This weekend as many as 2,500 residents of Mosul escaped from the western half of a city that has been under the yoke of so-called Islamic State (IS) for almost three years.
Aid agencies estimate that there are approximately 750,000 civilians trapped in western Mosul, unable or too frightened to leave despite the very real prospect of a prolonged, intense battle over the city between Iraqi government forces and IS fighters.
The assault on western Mosul has, thus far, been largely as expected - a much better equipped and better trained Iraqi army than the one humiliated by IS in 2014, methodically pushing towards the edge of the city thanks to overwhelming fire power and the cover of coalition air strikes.
For all their brutality and intolerance, IS fighters are nothing if not ingenious and in recent days they have been deploying a battle tactic almost unprecedented in modern urban warfare - the use of commercially available drones to drop bombs and grenades against civilian and military targets.
Large military drones are, of course, used to devastating effect by armies all over the Middle East, often resulting in huge loss of life. But the frequency and accuracy of how the Islamic State group is utilising small, relatively unsophisticated drones in Mosul has significantly slowed the advance of government forces.
The drones have also caused panic among the civilian population, including residents of eastern Mosul. That part of the city was recaptured from IS last month during the first part of a campaign to drive the Islamists from their last stronghold in Iraq.
At a hospital in the northern Iraqi city of Irbil I met 55-year-old Umm Mohammed. The mother of seven, from the eastern side of Mosul, was sitting up in her bed, attached to a drip and unable to rest because of the searing pain from her right leg.
It had been shattered in several places by a grenade or small bomb dropped from a drone.
"I'd just gone to the market for some shopping... The next thing I was lying on the ground and looking up. People started pointing up to the sky from where the bomb had come," she told me. "Where's the security when these machines are hovering over people and killing us?"
The use of drones, with their relatively light payloads, will not change the course of this conflict.
There are much more expensive, lethal and sophisticated weapons being deployed each day in their thousands.

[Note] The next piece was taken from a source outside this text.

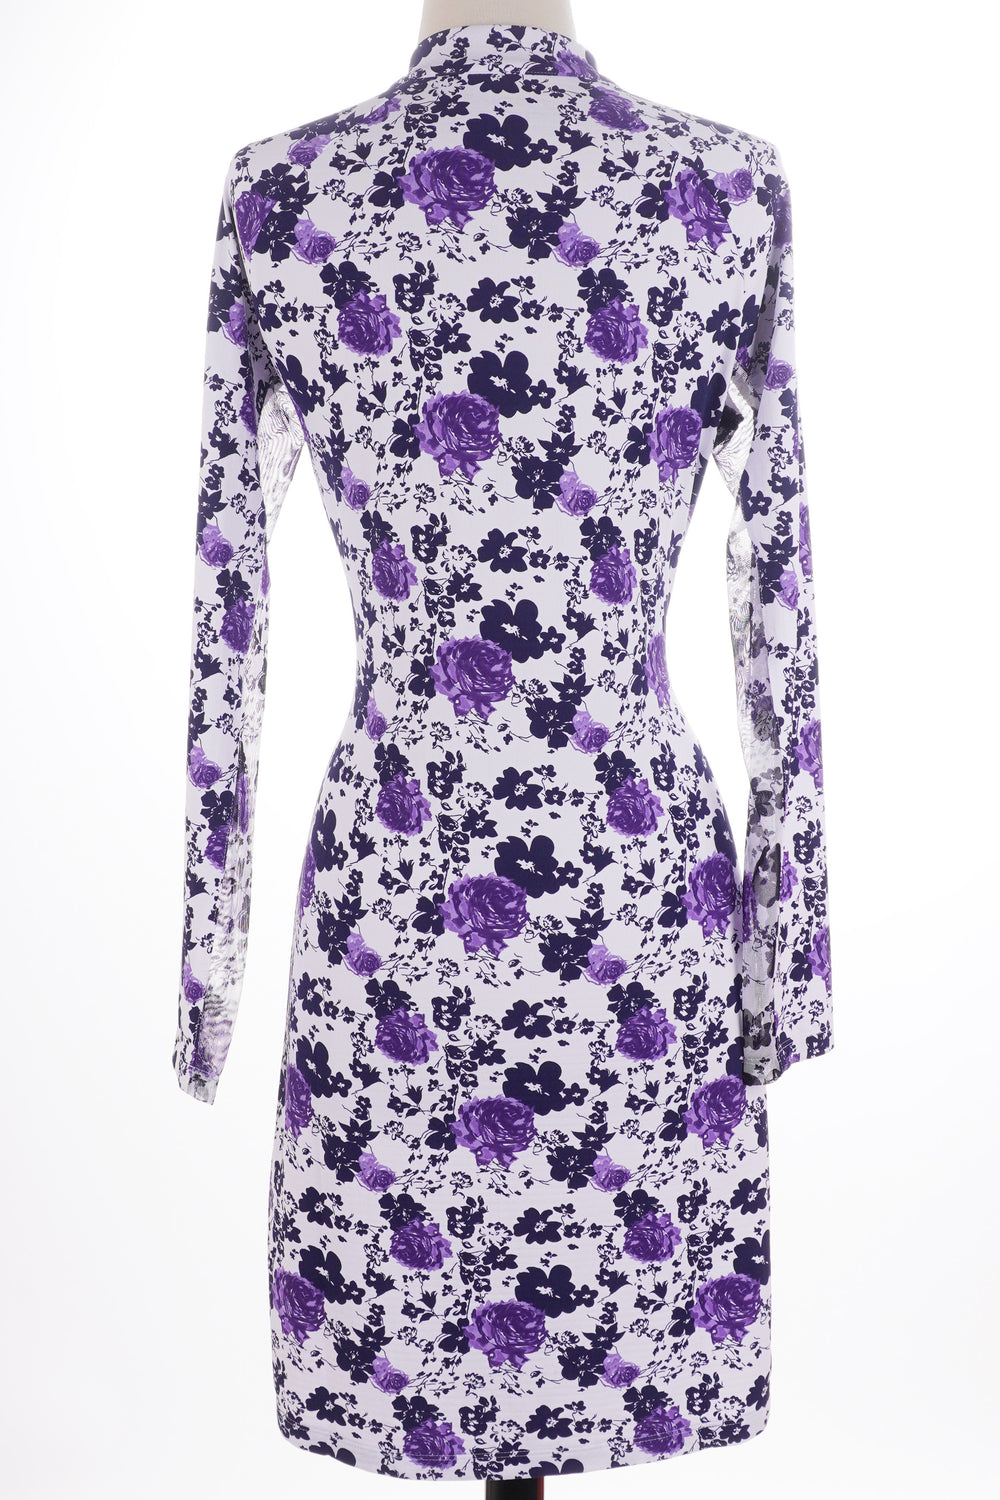 IBKUL Purple Rose Long Sleeve Dress - Size Small - Skorzie

Yet the psychological impact of drone attacks cannot be discounted, says Emanuele Nannini from the Italian aid agency Emergency, which helps run the hospital where Umm Mohammed and several other drone victims are being treated.

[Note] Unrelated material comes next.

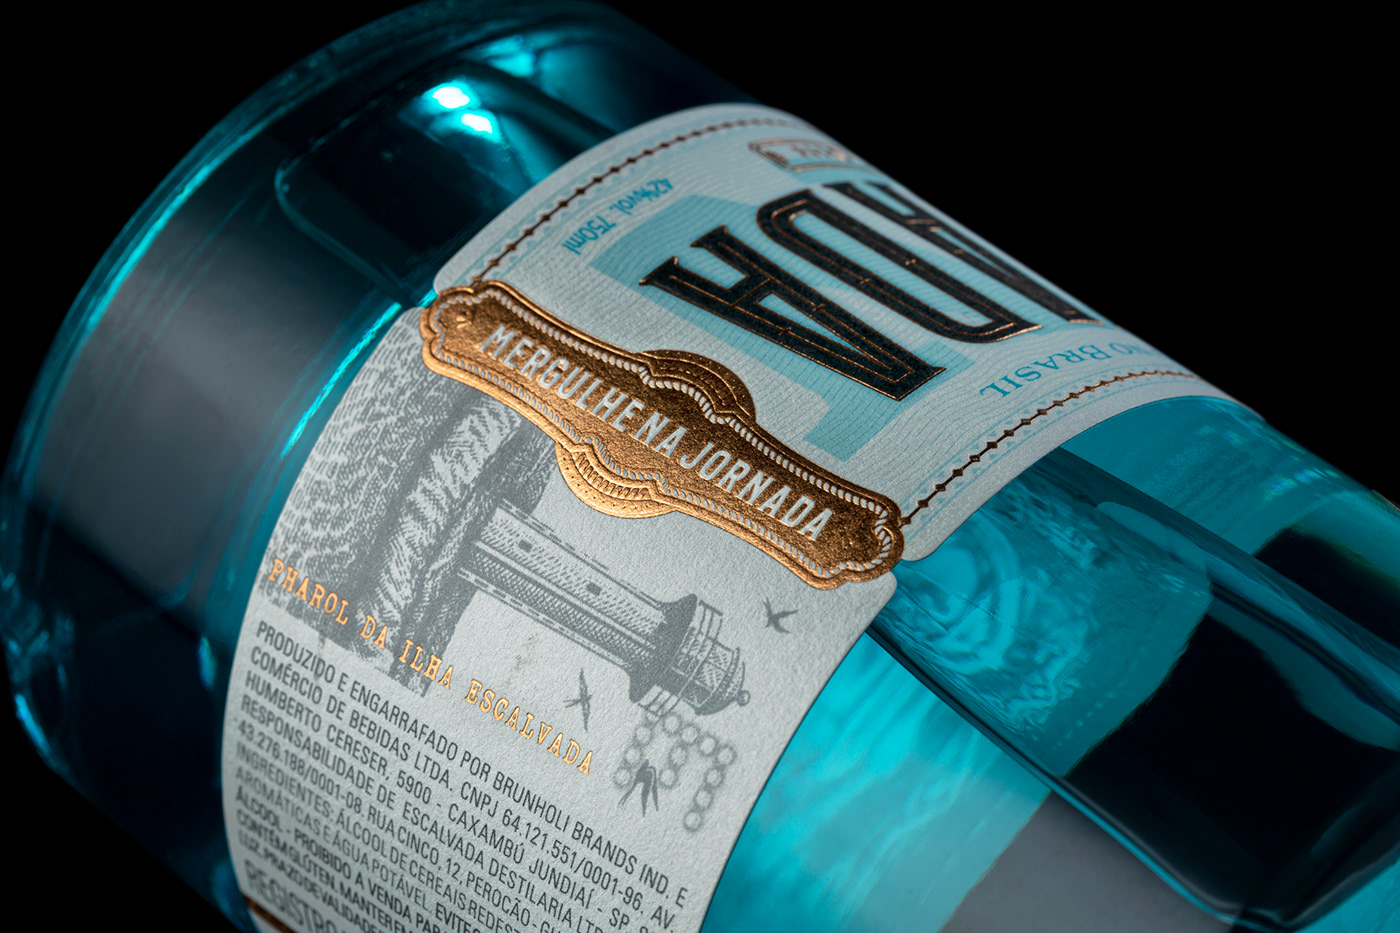 bottle brand identity drink gin Packaging Label Spirits alcohol beverage packaging design

"Physically they are very similar to a mortar attack but actually they are very precise," Mr Nannini tells me, as he supervises a rapid expansion of the hospital beds and wards in anticipation of the battle unfolding in western Mosul.
"So each of these drones is actually striking the target that was chosen. Psychologically it can be very bad for the
population because they can strike at any moment and at any place."
The residents of eastern Mosul are, ironically, getting a brief respite from the drone attacks because IS militants have diverted their attention to the new front line to the south and west of the city.
A colleague who returned from reporting duties at the front over the weekend told me in graphic terms that it was "almost raining bombs" - such was the frequency and intensity of the drone attacks on forces trying to enter the city.
Again, it's important to emphasise the overwhelming military and numerical advantage that Iraqi military units have over their IS enemies.
They are also getting considerable help from their American and other coalition allies.
"The fight in Mosul would be a huge challenge for any army, but this battle is only going to end with one result," says Lieutenant Colonel John Hawbaker, commander of the 1st Squadron, 73rd Cavalry.
American "advisers" and troops are a common sight on and just behind the front line and at forward command bases, assisting and advising their Iraqi counterparts.
But, as Lt Col Hawbaker readily acknowledges, American soldiers - so-called "boots on the ground" - are seeing action where it is deemed appropriate.
At the base I visited a few kilometres back from the western edge of Mosul, huge American artillery pieces fired shells at IS positions in and around the besieged city.
The day before, the gunners told me, they'd had the busiest period yet in this conflict, lobbing hundreds of shells at distinctive targets picked out by their own spotters and much more sophisticated "eyes in the sky", or surveillance drones.
The state of the art US weaponry will be of less use as the battle moves into the narrow, winding streets of Mosul itself.
On the first day of real fighting inside the western zone, government troops reported encountering "dozens" of booby-trapped car bombs. Some of them were successfully defused but others exploded, killing and wounded several Iraqi soldiers.
It's also thought that, in another example of drones adapted for urban warfare, IS militants are using the small aircraft to guide suicide car bombers to their targets.
Amid the chaos and mayhem, Mosul's civilian residents are being exposed to unimaginable daily horrors.
American and Iraqi generals say the fighting will be "house-to-house" in buildings where IS militants have deliberately placed themselves among the civilian population and in which they have constructed an elaborate network of tunnels to move themselves and their weapons.
Outside the city, aid workers wait nervously. The UN refugee agency is building new camps, just to the south, preparing to receive as many as 250,000 internally displaced people.
The real concern, as one UN aid official told me, is that most of the population won't able to escape, that they'll be trapped inside Mosul until the fighting finishes, the guns fall silent and Islamic State is defeated.